Records excerpted from a collection
::::::::::
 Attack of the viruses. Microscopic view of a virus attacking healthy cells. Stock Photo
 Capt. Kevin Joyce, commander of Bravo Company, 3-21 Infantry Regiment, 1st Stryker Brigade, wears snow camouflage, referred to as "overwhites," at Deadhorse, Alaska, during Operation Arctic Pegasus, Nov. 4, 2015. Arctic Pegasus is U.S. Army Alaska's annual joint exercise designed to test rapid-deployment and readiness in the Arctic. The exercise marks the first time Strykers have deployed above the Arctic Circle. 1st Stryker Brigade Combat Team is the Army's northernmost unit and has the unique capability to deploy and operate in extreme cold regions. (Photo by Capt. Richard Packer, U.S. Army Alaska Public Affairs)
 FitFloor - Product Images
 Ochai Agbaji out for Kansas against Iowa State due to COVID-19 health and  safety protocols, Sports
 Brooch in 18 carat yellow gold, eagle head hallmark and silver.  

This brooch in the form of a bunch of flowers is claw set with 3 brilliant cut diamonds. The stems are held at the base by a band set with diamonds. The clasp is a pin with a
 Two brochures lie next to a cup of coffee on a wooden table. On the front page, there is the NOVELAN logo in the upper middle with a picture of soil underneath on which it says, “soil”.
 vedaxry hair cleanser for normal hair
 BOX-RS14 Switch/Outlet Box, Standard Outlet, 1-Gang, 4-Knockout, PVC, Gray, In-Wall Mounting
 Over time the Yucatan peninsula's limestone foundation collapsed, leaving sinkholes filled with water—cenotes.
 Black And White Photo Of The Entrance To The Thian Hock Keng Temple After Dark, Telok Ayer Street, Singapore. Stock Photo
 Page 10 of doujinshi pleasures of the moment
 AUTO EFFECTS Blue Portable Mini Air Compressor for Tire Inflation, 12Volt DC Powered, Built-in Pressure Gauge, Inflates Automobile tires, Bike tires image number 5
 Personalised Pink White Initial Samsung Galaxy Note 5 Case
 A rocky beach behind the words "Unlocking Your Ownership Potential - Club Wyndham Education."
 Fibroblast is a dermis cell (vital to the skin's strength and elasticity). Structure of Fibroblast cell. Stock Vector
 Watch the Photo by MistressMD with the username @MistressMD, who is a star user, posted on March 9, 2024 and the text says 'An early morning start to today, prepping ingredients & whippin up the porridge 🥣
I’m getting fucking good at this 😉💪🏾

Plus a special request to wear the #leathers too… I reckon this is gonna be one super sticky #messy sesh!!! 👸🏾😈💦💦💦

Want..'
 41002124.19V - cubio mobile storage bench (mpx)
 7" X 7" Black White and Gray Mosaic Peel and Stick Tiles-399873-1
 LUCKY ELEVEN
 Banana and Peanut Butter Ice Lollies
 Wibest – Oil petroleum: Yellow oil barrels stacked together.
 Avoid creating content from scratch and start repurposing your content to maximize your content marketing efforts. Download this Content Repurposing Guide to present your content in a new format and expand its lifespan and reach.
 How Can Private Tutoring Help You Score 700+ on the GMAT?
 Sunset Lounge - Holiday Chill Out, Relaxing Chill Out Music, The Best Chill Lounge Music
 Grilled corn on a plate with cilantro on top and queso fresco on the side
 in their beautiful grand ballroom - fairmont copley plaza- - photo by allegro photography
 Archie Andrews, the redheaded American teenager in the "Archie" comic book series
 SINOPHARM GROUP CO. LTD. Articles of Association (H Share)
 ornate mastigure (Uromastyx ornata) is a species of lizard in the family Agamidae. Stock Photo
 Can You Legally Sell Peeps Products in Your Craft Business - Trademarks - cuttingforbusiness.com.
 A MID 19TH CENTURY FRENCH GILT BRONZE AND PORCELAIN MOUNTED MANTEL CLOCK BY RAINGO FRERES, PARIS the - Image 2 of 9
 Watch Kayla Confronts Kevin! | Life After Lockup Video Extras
::::::::::
Nothing in the data may change. Give it again in full.

 Attack of the viruses. Microscopic view of a virus attacking healthy cells. Stock Photo
 Capt. Kevin Joyce, commander of Bravo Company, 3-21 Infantry Regiment, 1st Stryker Brigade, wears snow camouflage, referred to as "overwhites," at Deadhorse, Alaska, during Operation Arctic Pegasus, Nov. 4, 2015. Arctic Pegasus is U.S. Army Alaska's annual joint exercise designed to test rapid-deployment and readiness in the Arctic. The exercise marks the first time Strykers have deployed above the Arctic Circle. 1st Stryker Brigade Combat Team is the Army's northernmost unit and has the unique capability to deploy and operate in extreme cold regions. (Photo by Capt. Richard Packer, U.S. Army Alaska Public Affairs)
 FitFloor - Product Images
 Ochai Agbaji out for Kansas against Iowa State due to COVID-19 health and  safety protocols, Sports
 Brooch in 18 carat yellow gold, eagle head hallmark and silver.  

This brooch in the form of a bunch of flowers is claw set with 3 brilliant cut diamonds. The stems are held at the base by a band set with diamonds. The clasp is a pin with a
 Two brochures lie next to a cup of coffee on a wooden table. On the front page, there is the NOVELAN logo in the upper middle with a picture of soil underneath on which it says, “soil”.
 vedaxry hair cleanser for normal hair
 BOX-RS14 Switch/Outlet Box, Standard Outlet, 1-Gang, 4-Knockout, PVC, Gray, In-Wall Mounting
 Over time the Yucatan peninsula's limestone foundation collapsed, leaving sinkholes filled with water—cenotes.
 Black And White Photo Of The Entrance To The Thian Hock Keng Temple After Dark, Telok Ayer Street, Singapore. Stock Photo
 Page 10 of doujinshi pleasures of the moment
 AUTO EFFECTS Blue Portable Mini Air Compressor for Tire Inflation, 12Volt DC Powered, Built-in Pressure Gauge, Inflates Automobile tires, Bike tires image number 5
 Personalised Pink White Initial Samsung Galaxy Note 5 Case
 A rocky beach behind the words "Unlocking Your Ownership Potential - Club Wyndham Education."
 Fibroblast is a dermis cell (vital to the skin's strength and elasticity). Structure of Fibroblast cell. Stock Vector
 Watch the Photo by MistressMD with the username @MistressMD, who is a star user, posted on March 9, 2024 and the text says 'An early morning start to today, prepping ingredients & whippin up the porridge 🥣
I’m getting fucking good at this 😉💪🏾

Plus a special request to wear the #leathers too… I reckon this is gonna be one super sticky #messy sesh!!! 👸🏾😈💦💦💦

Want..'
 41002124.19V - cubio mobile storage bench (mpx)
 7" X 7" Black White and Gray Mosaic Peel and Stick Tiles-399873-1
 LUCKY ELEVEN
 Banana and Peanut Butter Ice Lollies
 Wibest – Oil petroleum: Yellow oil barrels stacked together.
 Avoid creating content from scratch and start repurposing your content to maximize your content marketing efforts. Download this Content Repurposing Guide to present your content in a new format and expand its lifespan and reach.
 How Can Private Tutoring Help You Score 700+ on the GMAT?
 Sunset Lounge - Holiday Chill Out, Relaxing Chill Out Music, The Best Chill Lounge Music
 Grilled corn on a plate with cilantro on top and queso fresco on the side
 in their beautiful grand ballroom - fairmont copley plaza- - photo by allegro photography
 Archie Andrews, the redheaded American teenager in the "Archie" comic book series
 SINOPHARM GROUP CO. LTD. Articles of Association (H Share)
 ornate mastigure (Uromastyx ornata) is a species of lizard in the family Agamidae. Stock Photo
 Can You Legally Sell Peeps Products in Your Craft Business - Trademarks - cuttingforbusiness.com.
 A MID 19TH CENTURY FRENCH GILT BRONZE AND PORCELAIN MOUNTED MANTEL CLOCK BY RAINGO FRERES, PARIS the - Image 2 of 9
 Watch Kayla Confronts Kevin! | Life After Lockup Video Extras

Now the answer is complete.